Don’t Leave Your Online Reputation to Chance

Online Reputation

Whether you are presently working or searching for that job to further your career and pay your bills, do you ever stop to think about your online reputation?

For some workers and job applicants, the unfortunate answer is “no”. As a result, they put their current or potential job in jeopardy.

According to a recent CareerBuilder study (2,000 hiring managers and human-resources pros were interviewed), two in five businesses currently turn to social networks such as Facebook, Twitter and LinkedIn to screen potential hires.

Among the things employers look at are how an applicant’s online activities may or may not fit in with the company’s culture, along with displaying any negative comments towards current or former employers and/or co-workers.

So, how do your online activities potentially impact your ability to both keep your present job and/or find a new one should you be looking?

Among the factors to consider are the following:

Reputations matter

While there may have been a time where office water cooler talk could be a little risky, times have changed. As most workers know, even the slightest off-the-cuff remark today can be taken the wrong way, leading to possible discipline by an employer.

Whether you currently work or are looking for a position, your online reputation can come back to haunt you if not handled properly. Keep in mind that unless you lock your social networking profiles, anyone can see what you have to say or what images you post.

Office culture

As noted in the CareerBuilder survey, many employers promote a positive office culture, wanting to make sure that they have the correct pieces to the company puzzle in place. If comments or photos you post online are viewed as not representative of the culture a company is trying to promote, you could put your current position or one you are seeking in jeopardy.

The same holds true with current co-workers you may have. For example, say you and one of your co-workers get into a spat over a work or personal issue. In turn, you take to your Facebook account to let the world know why you think this person is so miserable to work with. Once the other individual and/or the employer catches wind of the matter, you could not only hurt office morale, but could disrupt the department’s ability to properly do its job.

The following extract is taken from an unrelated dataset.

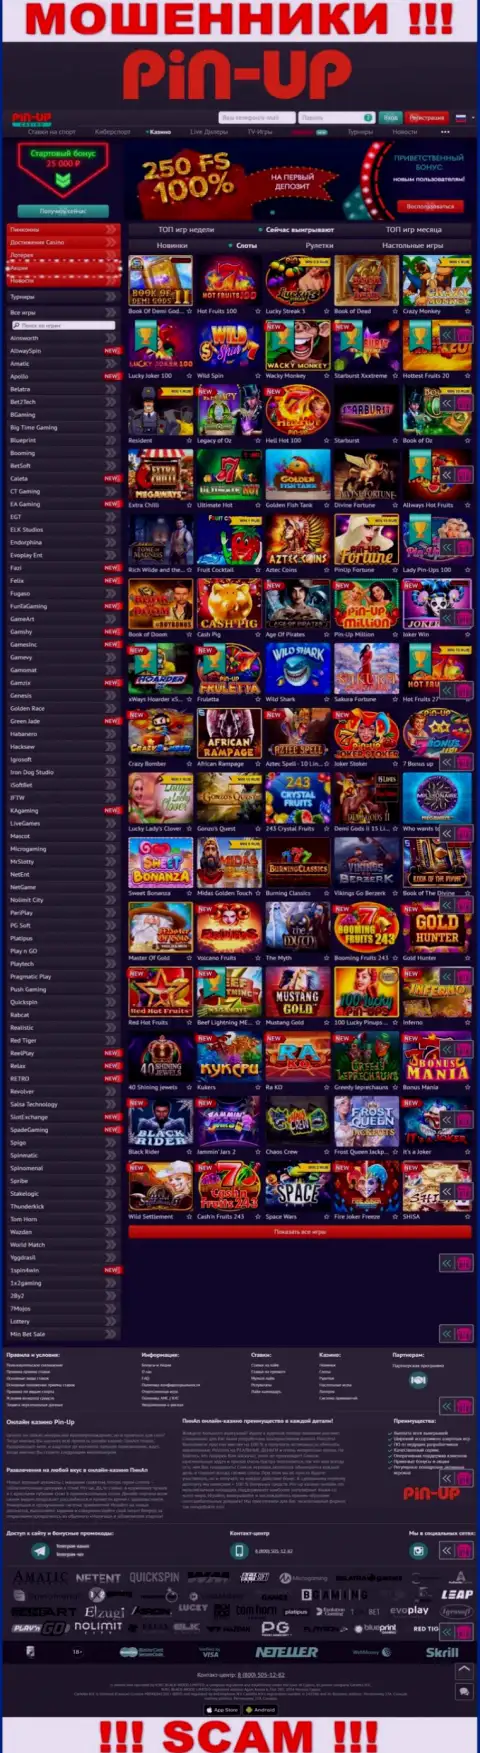 Pin-Up Casino - это официальный сайт мошенников Пин-Ап Казино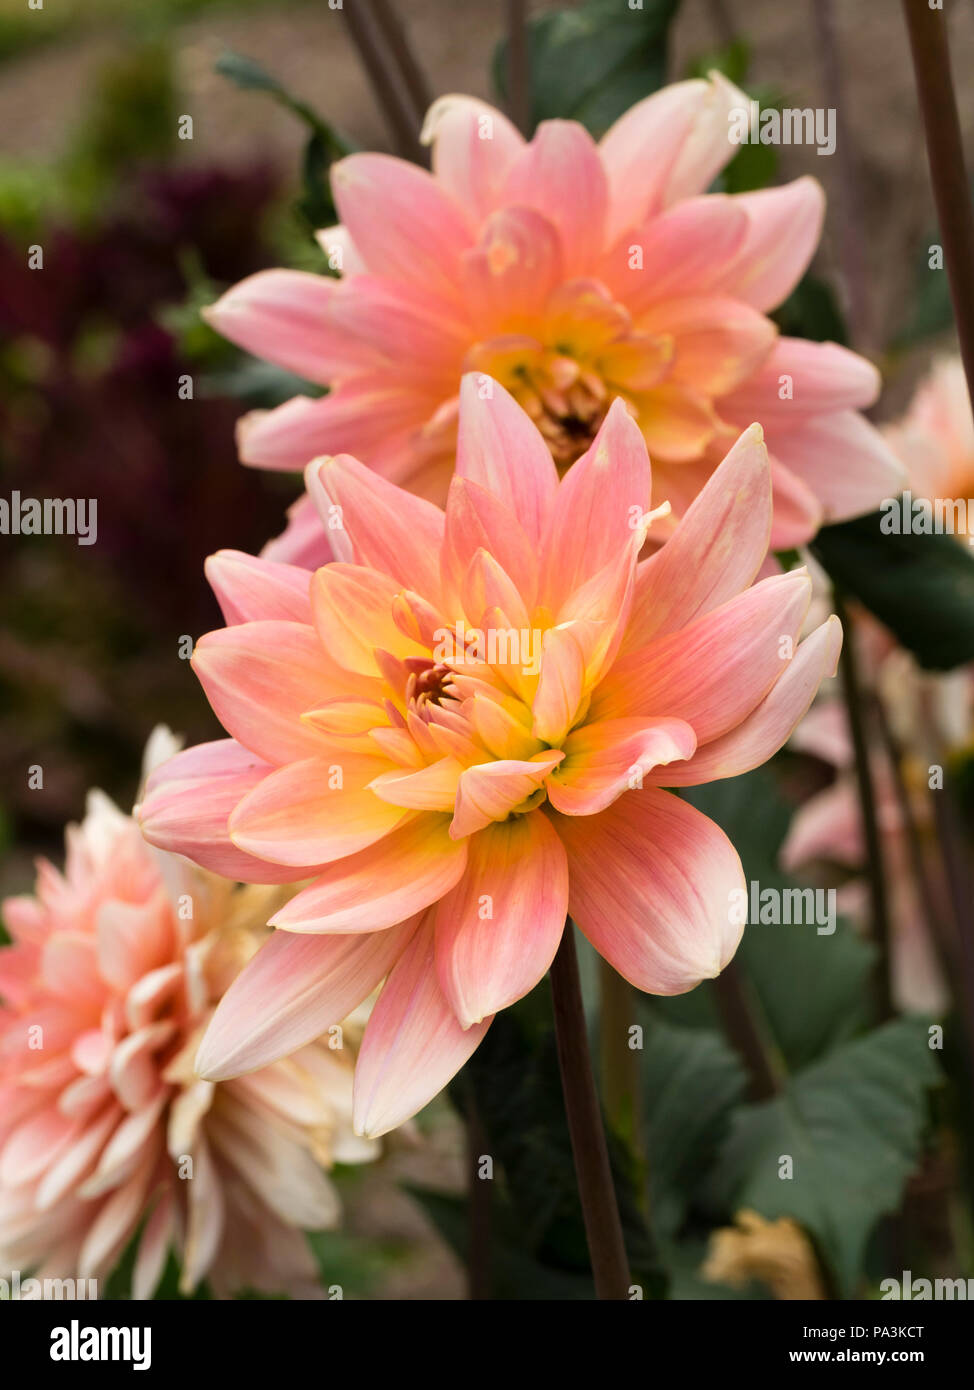 Rosa, el sombreado de color amarillo en el centro, las flores del tipo waterlily dahlia, Dalia 'Gerrie Hoek' Foto de stock

The old rule to apply is would you want your mother to see what you shared or tweeted online? If the answer is no, then there is a good chance it won’t fly with an employer.

The past is the past

Many workers have had a bad experience or two with prior employers or coworkers over the years. That being said, those experiences should be left just there, in the past. If you share or tweet that your former boss was a bad person, treated you poorly, and you couldn’t wait to get out of their company, how do you think that looks in the eyes of a company you are trying to get work with?

The employer may look at you as too risky to hire, meaning you missed out on a new job just because of something you wrote online. Leave past experiences, especially those that were bad, where they belong.

Potential legal issues

While they may be in the minority, cases where individuals have successfully brought defamation suits against someone for harming them online do occur. A simple tweet, share or photo post could land you in legal hot water if it is determined to be slanderous.

Not only do you stand the potential of being financially hurt, but your online reputation takes a hit too. If an employer gets wind of the fact that you were taken to court over such a matter, odds are they will pass on you for a potential job, fearing that you could land them in legal trouble if you do likewise while under their employment.

Customer issues

If you are currently employed in running your own business, any online missteps could lead you to lose current and potential customers. Most people will not want to deal with someone who is viewed as negligent when it comes to their social networking activities.

A comment or photo that you feel is harmless could be taken as offensive by a number of people, therefore leading you to lose out on business. Again, your online reputation and your wallet take a hit.

Privacy matters

Lastly, keep in mind that there are a number of companies that gather and release private information on individuals. It does not hurt people to Google their names periodically and see what they find out about themselves online.

If there is information on there that can be potentially damaging to a current or future position with a company, look to have that data removed or at least lowered on the search engines. Just assuming your online data is safe and won’t come back to hurt you is being naive in today’s information-driven world.

At the end of the day, monitor your online reputation, taking note that there are very likely other people doing the same.

How do you monitor your online reputation?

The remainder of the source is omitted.